(Task input Opens)

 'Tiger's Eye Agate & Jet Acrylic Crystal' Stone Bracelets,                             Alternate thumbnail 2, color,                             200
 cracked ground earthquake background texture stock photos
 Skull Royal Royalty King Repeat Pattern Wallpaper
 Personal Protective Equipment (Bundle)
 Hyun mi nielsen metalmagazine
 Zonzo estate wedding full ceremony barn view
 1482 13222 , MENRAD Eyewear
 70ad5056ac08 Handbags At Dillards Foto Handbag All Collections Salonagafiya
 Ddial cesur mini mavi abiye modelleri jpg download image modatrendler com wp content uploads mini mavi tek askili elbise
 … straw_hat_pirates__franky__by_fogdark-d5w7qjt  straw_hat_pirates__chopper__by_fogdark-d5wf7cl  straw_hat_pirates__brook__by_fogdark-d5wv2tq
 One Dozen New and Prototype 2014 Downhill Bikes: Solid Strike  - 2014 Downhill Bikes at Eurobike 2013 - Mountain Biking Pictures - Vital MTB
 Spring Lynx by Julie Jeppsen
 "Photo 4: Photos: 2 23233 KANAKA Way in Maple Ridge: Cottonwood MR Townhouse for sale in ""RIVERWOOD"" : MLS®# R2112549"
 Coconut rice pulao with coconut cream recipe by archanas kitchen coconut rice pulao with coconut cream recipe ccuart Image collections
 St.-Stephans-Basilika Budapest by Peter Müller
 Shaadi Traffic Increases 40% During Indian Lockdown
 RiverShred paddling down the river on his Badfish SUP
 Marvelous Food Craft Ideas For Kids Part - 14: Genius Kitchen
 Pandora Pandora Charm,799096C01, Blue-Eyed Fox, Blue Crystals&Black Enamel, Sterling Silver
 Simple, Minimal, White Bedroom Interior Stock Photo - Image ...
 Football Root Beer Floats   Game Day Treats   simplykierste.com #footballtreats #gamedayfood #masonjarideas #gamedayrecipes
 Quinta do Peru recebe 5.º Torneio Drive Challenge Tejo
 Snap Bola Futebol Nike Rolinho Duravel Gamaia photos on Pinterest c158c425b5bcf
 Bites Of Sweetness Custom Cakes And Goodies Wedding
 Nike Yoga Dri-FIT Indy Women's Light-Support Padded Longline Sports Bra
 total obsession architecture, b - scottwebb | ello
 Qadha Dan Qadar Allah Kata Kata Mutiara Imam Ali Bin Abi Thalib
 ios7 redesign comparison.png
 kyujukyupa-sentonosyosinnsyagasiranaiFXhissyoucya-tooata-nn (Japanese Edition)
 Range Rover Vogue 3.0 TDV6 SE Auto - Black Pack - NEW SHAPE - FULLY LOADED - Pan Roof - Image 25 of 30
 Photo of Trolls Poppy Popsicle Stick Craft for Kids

(Task input Closes)

#### Activity
Copy each line from the entries above that has the word "Nike" in it.

#### Response to the exercise
 Snap Bola Futebol Nike Rolinho Duravel Gamaia photos on Pinterest c158c425b5bcf
 Nike Yoga Dri-FIT Indy Women's Light-Support Padded Longline Sports Bra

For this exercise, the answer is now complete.